I really liked the way your started us off with his exhaustion and his thoughts about the difficulty he has sleeping with the friends home. I think most people would agree that when you're exhausted, even a cough is too loud :P

I really enjoyed the more character driven aspects of this chapter. Learning about Louis and his flat mates was a lot of fun. They seem very close. Close enough to get on each others nerves but also to really care about one another. I loved that they insisted he go out and celebrate the promotion and that they seemed so proud of them. I think showing us his life and the sort of people involved in it helps a lot to paint a clearer picture of his character.

The descriptions surrounding his absolute repulsion at getting back out of bed made me giggle. I was there myself about three hours ago :P. And we got to learn more about his family! I love when Fleur and Bill aren't left out of a next gen story :wub face: and I really enjoyed the motherly approach you took to Fleur. I think it would make a lot of sense for her and Molly to end up with some similarities. Fleur's been part of the family for some time now, and it's natural to pick up some habits from her mother in law... like always having treats around.

I was also happy that you gave her her own characteristics. Especially her dislike for gossip. I'm going to guess that Victoire is pregnant?!

I've always heard you can tell a lot about a man by how he treats his mom and sisters, so Louis absolutely has some bonus points going on right now for seeming like a caring brother. Oh! The detail about what he did to his clothes when he didn't separate them! That made me giggle. I leaned that I'm terrible at using bleach when I first started doing my own laundry ;).

I was relieved that his friends didn't push him into drinking too much, and he still got to go out for his celebration. I think you're painting a really lovely picture of Louis. This chapter gave us so much in terms of character development, and I love feeling like I really have an idea of who this person is.

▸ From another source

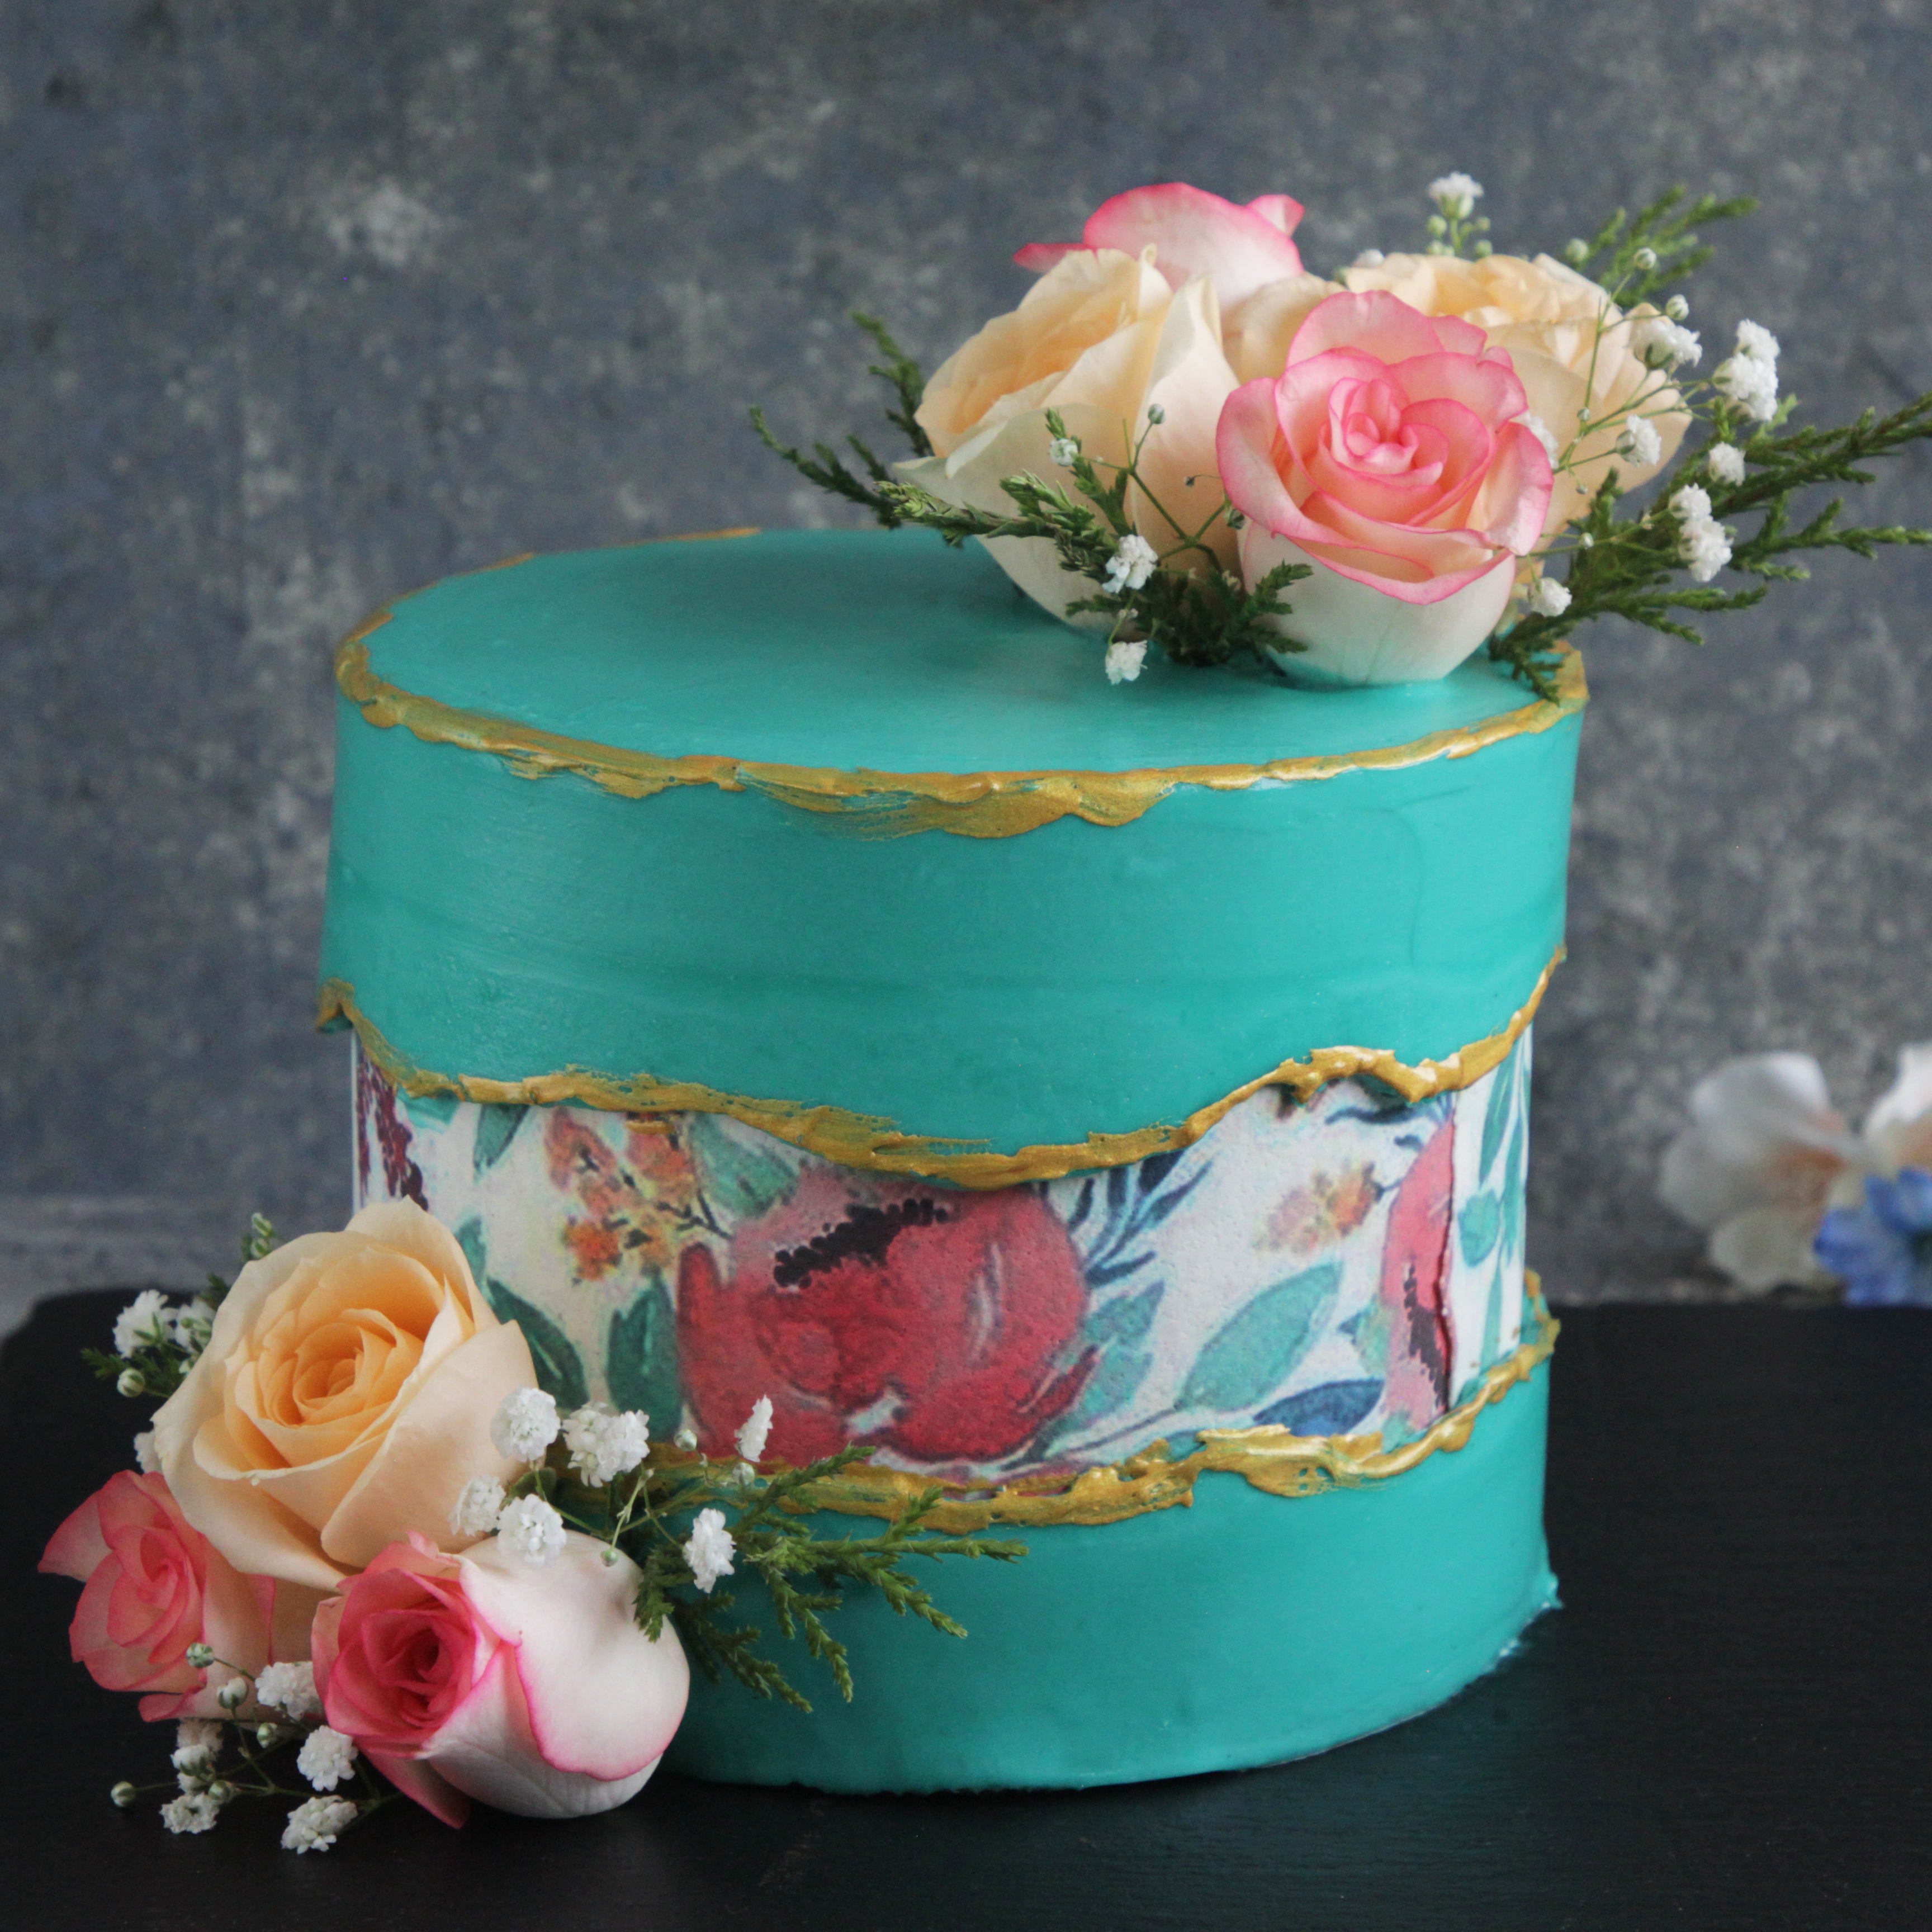 Cake decorating tutorials | FAULT LINE CAKE | Sugarella Sweets - YouTube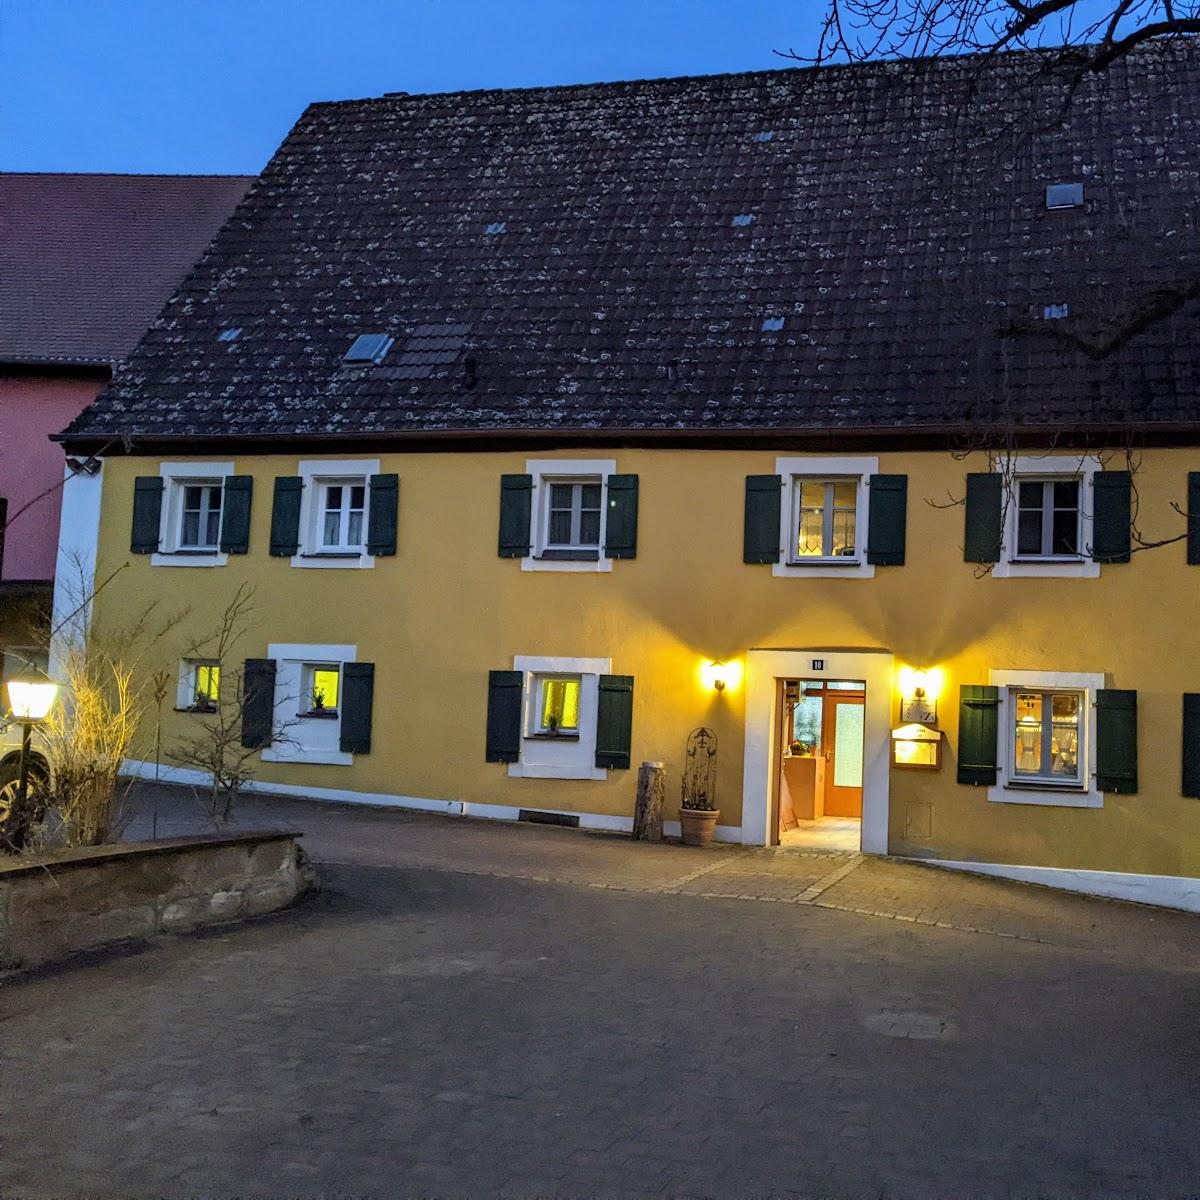 Restaurant "Landgasthof Stache" in Spalt

I did notice a quite few comma splices that created some really long run on sentences and disturbed your otherwise smooth feel. Like this one:
-- Green flames whoosh’d me away, other fireplaces blurring in my peripheral vision as I zoomed toward my destination, then I found myself stumbling into the living room of my childhood home, tracking ash onto the rug.

You have three independent clauses in that sentence. I think changing it up to something like:
Green flames whooshed me away and I could just make out the blur of other fireplaces in my peripheral vision. Seconds later, I found myself stumbling into the living room of my childhood home, tracking ash into the rug.

I'm a terrible comma splice offender, so I think I tend to notice them more now, haha.

This second chapter was really great, though. I loved seeing the more intimate parts of Louis life and can't wait to read the next chapter!


Author's Response: Thanks so much for reviewing, Jami! I'm glad you're still enjoying the story. More action will start to happen in the next chapter, I just wanted to set up Louis's character before jumping in so I'm glad you enjoyed seeing the character development I provided in this chapter. Also, I'm glad you found the bits like the laundry scene amusing as humor is really hard for me to write and that's definitely one of the genres are I'm trying to tackle while writing this story.

Yeah, I'm trying hard not to go overboard on commas as much, but they still slip by. I am getting better than I had gotten. But yeah, still need to work on breaking up sentence lengths so not to overuse commas. Also, I went back and fixed that sentence you mentioned because you were right about it messing up the flow of the narrative. Thanks for pointing it out. (: Hope you continue to enjoy the story.